Before you return the lines below, strip out any images and keep every word as written.

Data extract below:

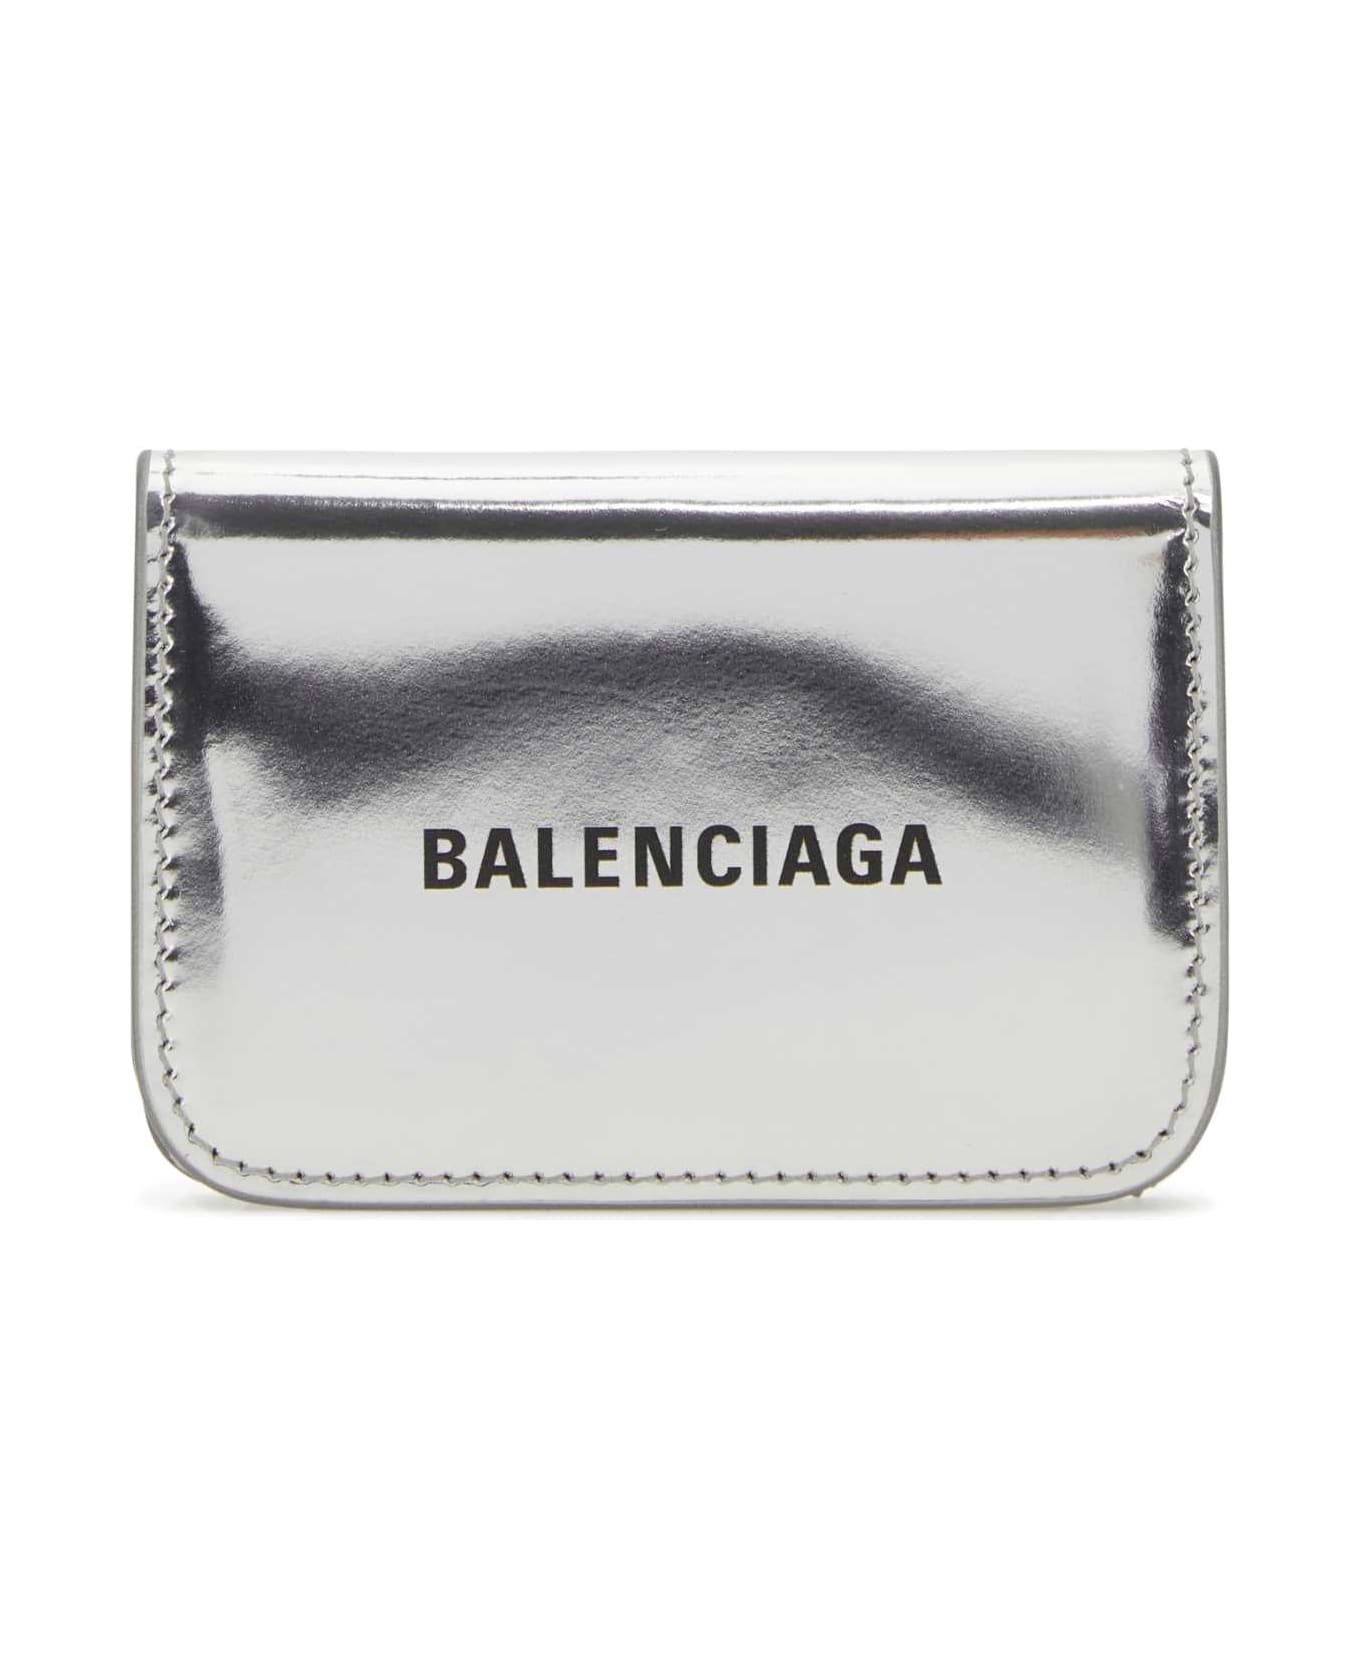 Balenciaga Silver Leather Wallet - 8160
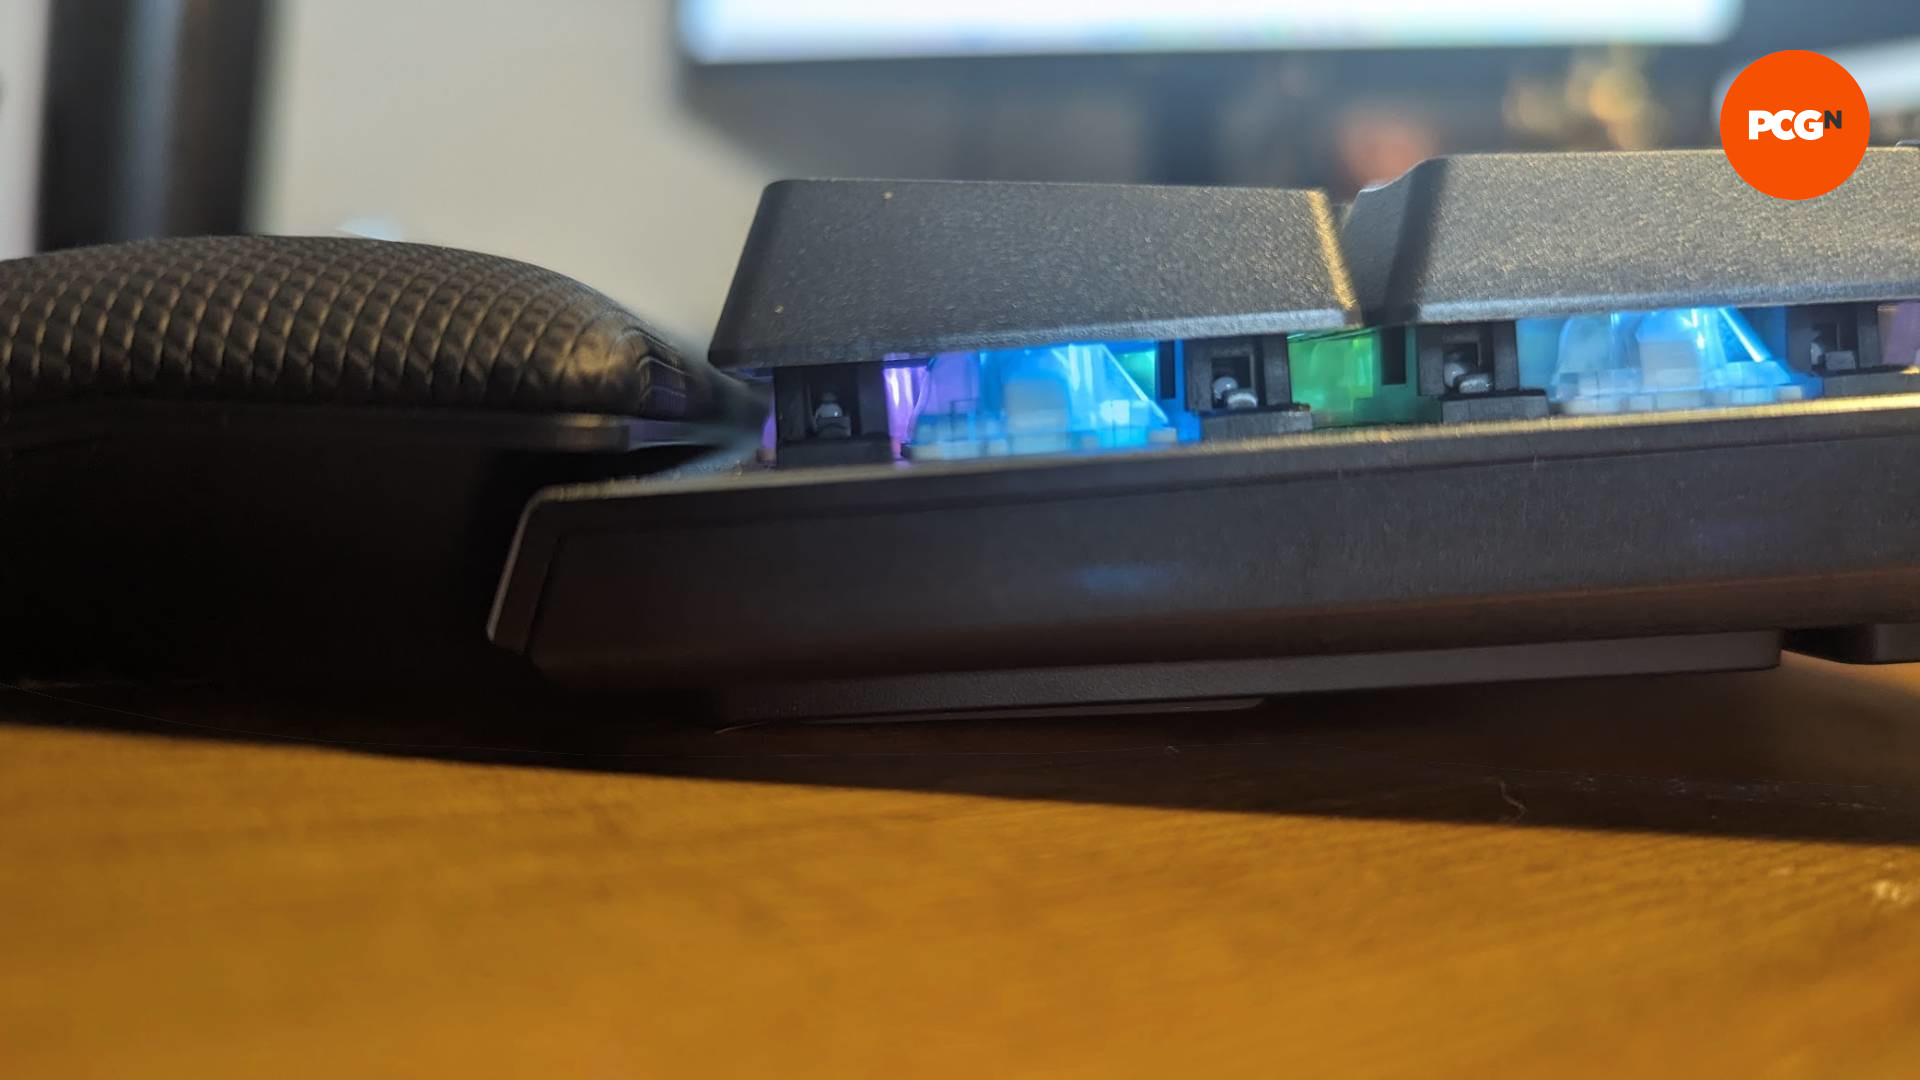 Une vue latérale du clavier de jeu Corsair K70 Max, mettant en valeur ses effets RVB
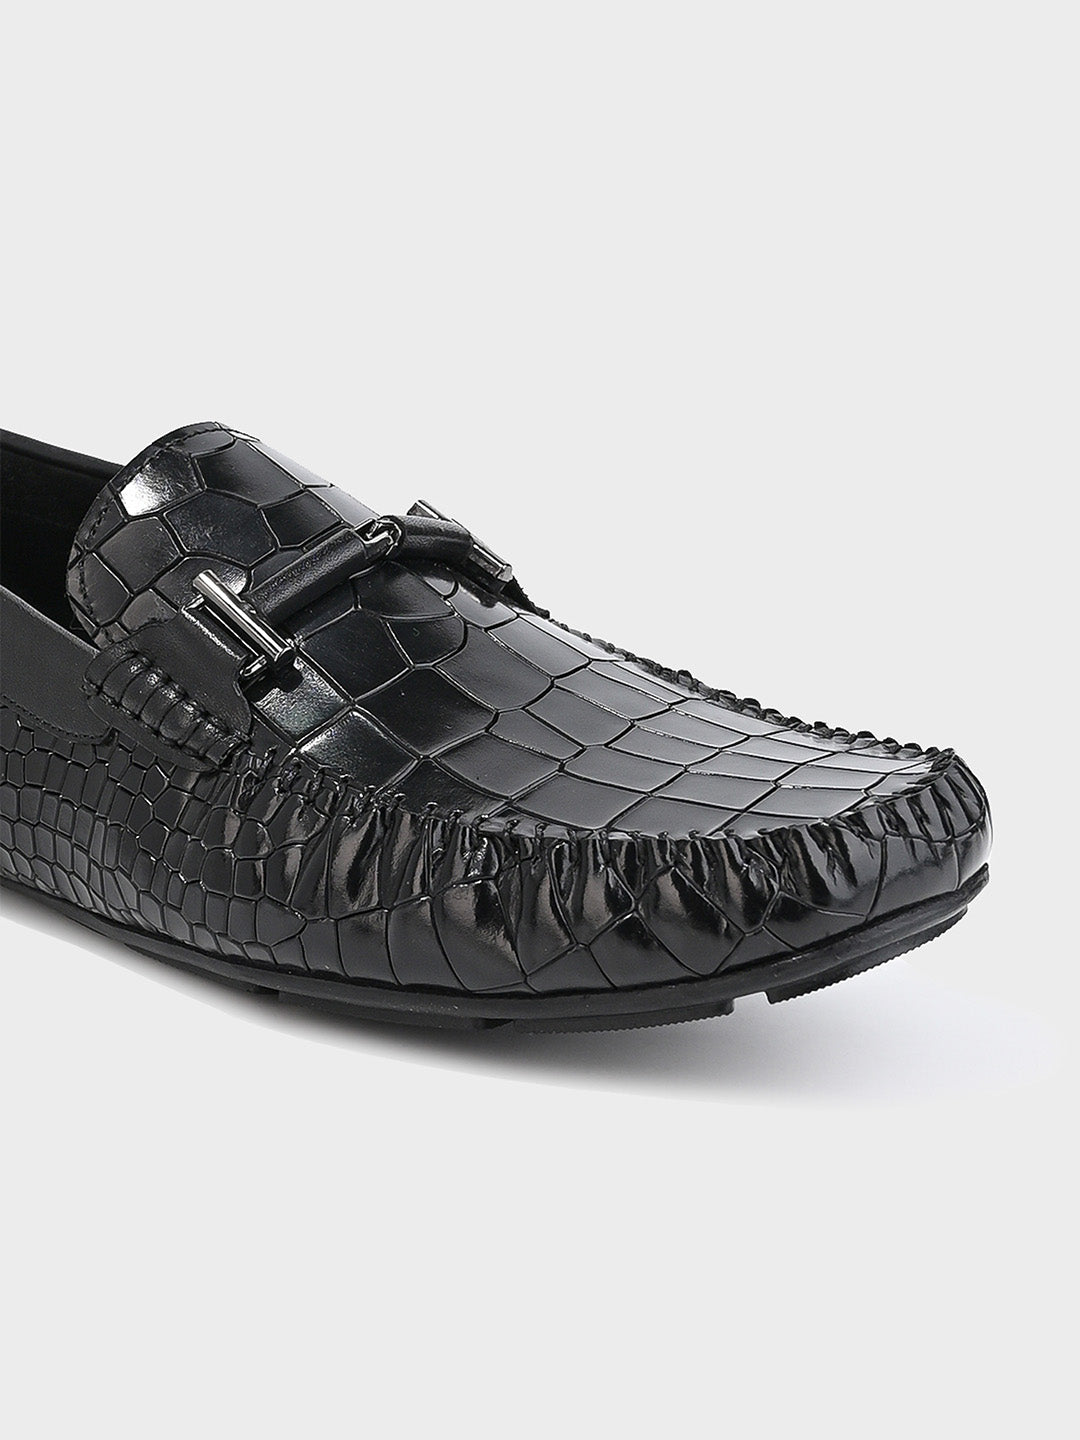 Sleek Black Leather Men's Slip-On Loafer Shoes

End of Data extract.

Finished task »
 Balenciaga Silver Leather Wallet - 8160
 Une vue latérale du clavier de jeu Corsair K70 Max, mettant en valeur ses effets RVB
 Sleek Black Leather Men's Slip-On Loafer Shoes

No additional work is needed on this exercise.